BEGIN
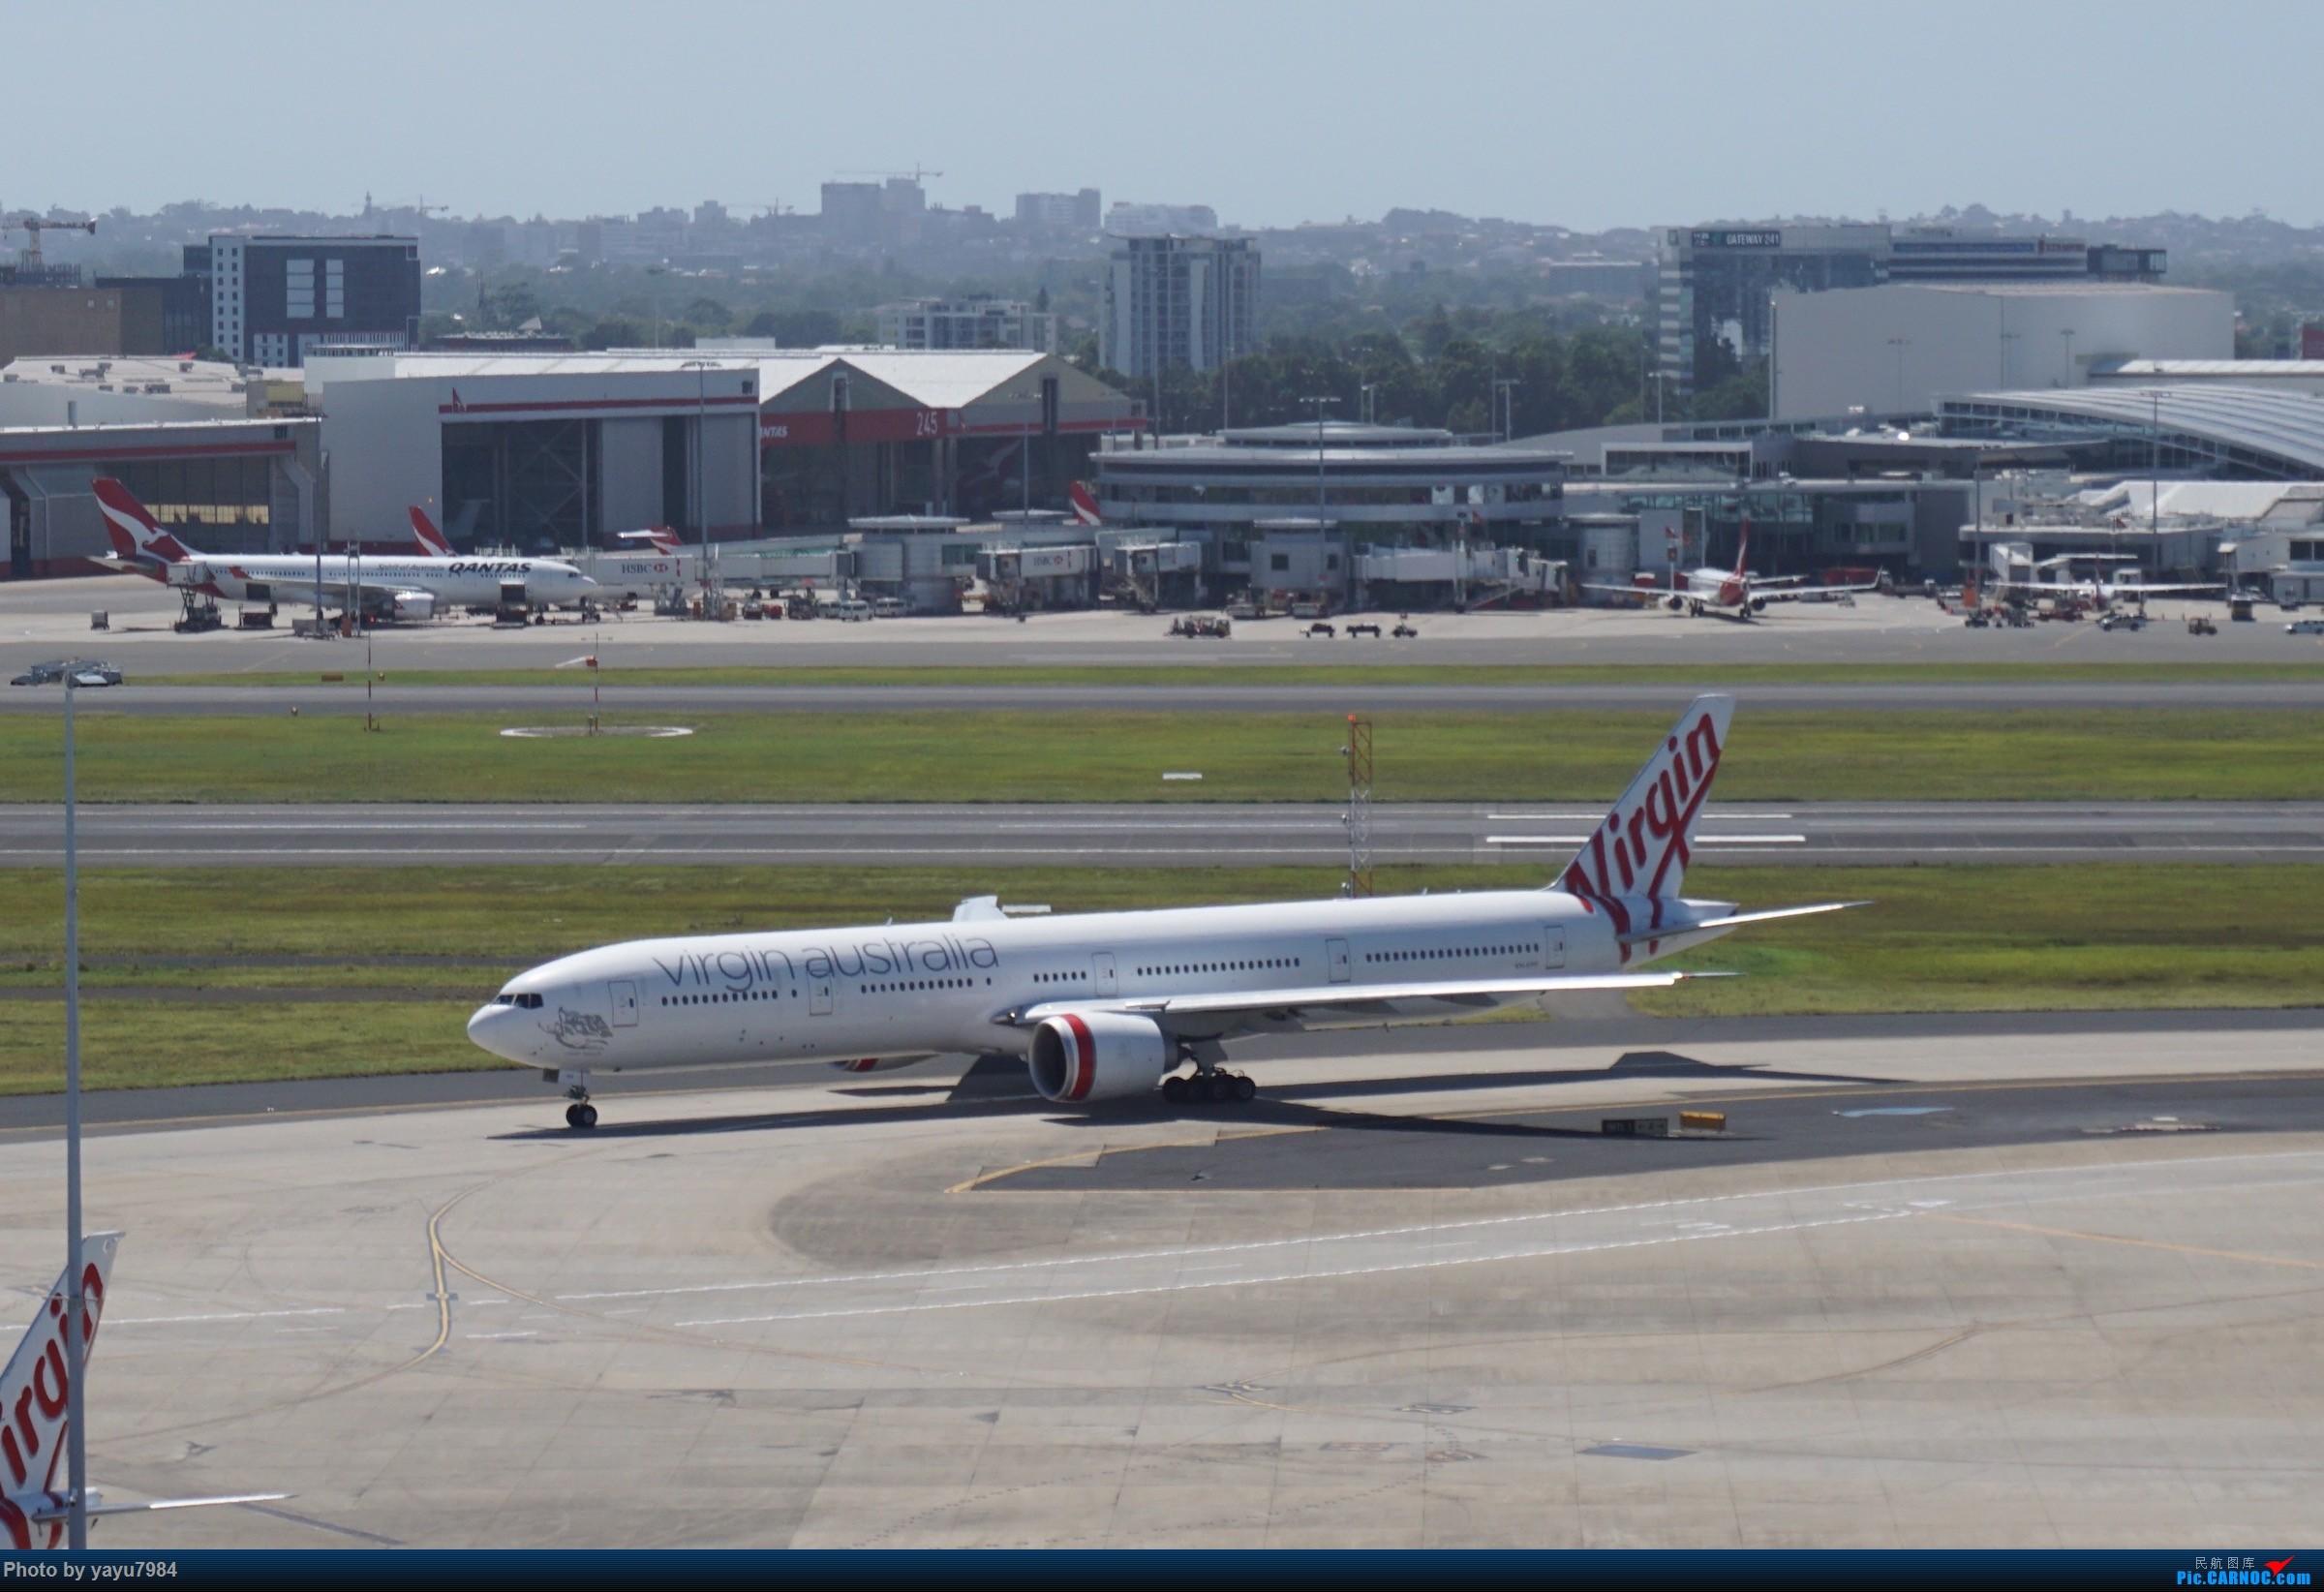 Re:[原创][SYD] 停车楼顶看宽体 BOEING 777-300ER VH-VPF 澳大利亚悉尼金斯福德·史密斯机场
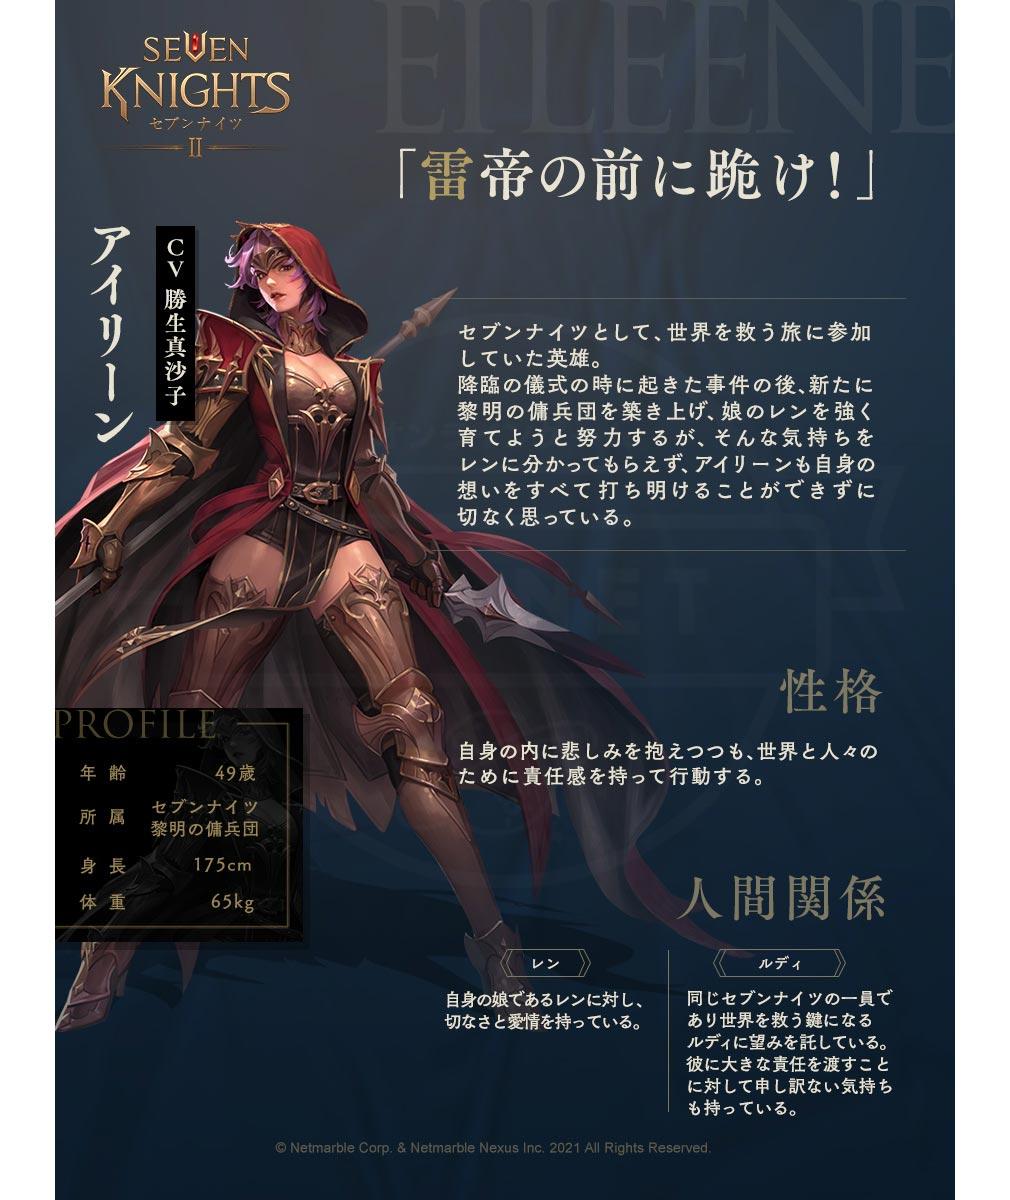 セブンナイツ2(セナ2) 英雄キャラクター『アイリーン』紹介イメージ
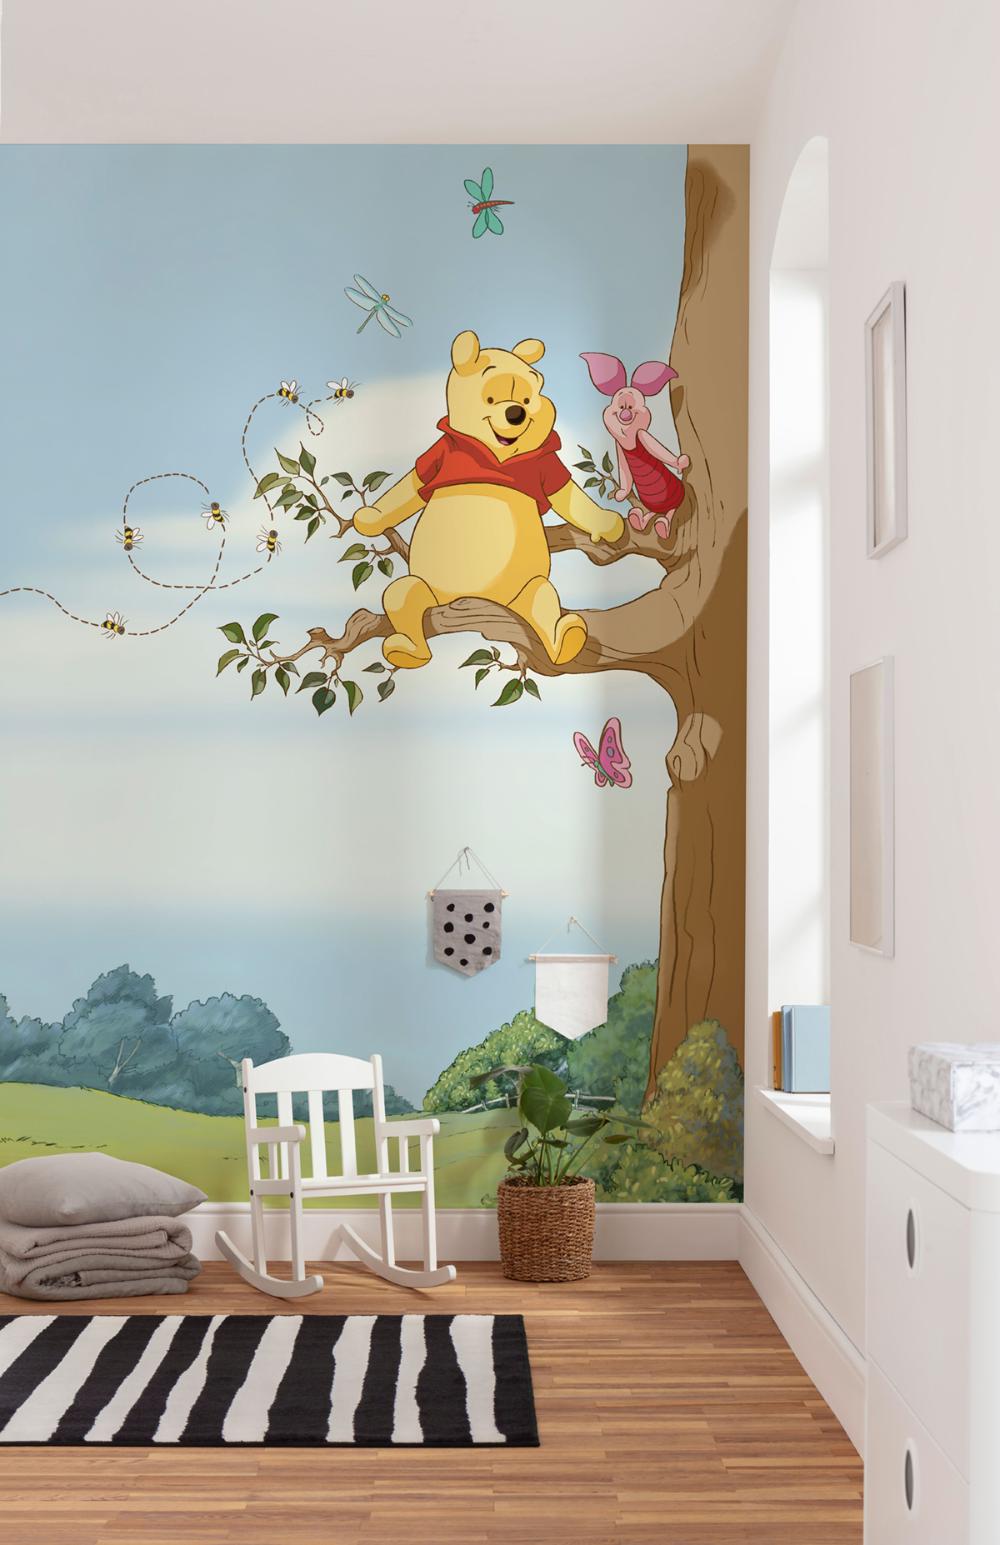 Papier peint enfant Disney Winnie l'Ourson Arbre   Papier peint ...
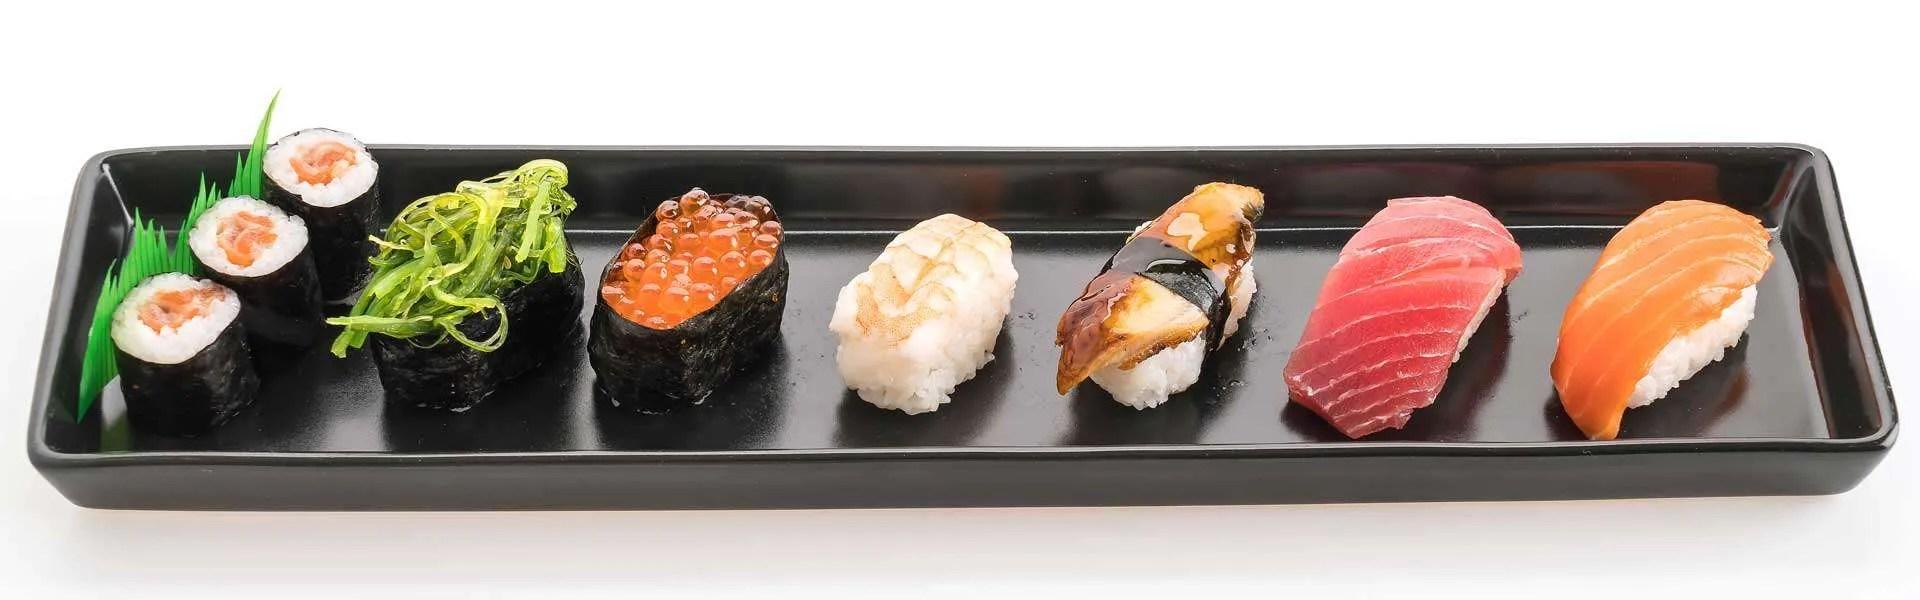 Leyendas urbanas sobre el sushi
END
**Exercise directions**
I would like the data copied exactly as it stands, with no pictures included.

**Problem solution**
 Re:[原创][SYD] 停车楼顶看宽体 BOEING 777-300ER VH-VPF 澳大利亚悉尼金斯福德·史密斯机场
 セブンナイツ2(セナ2) 英雄キャラクター『アイリーン』紹介イメージ
 Papier peint enfant Disney Winnie l'Ourson Arbre   Papier peint ...
 Leyendas urbanas sobre el sushi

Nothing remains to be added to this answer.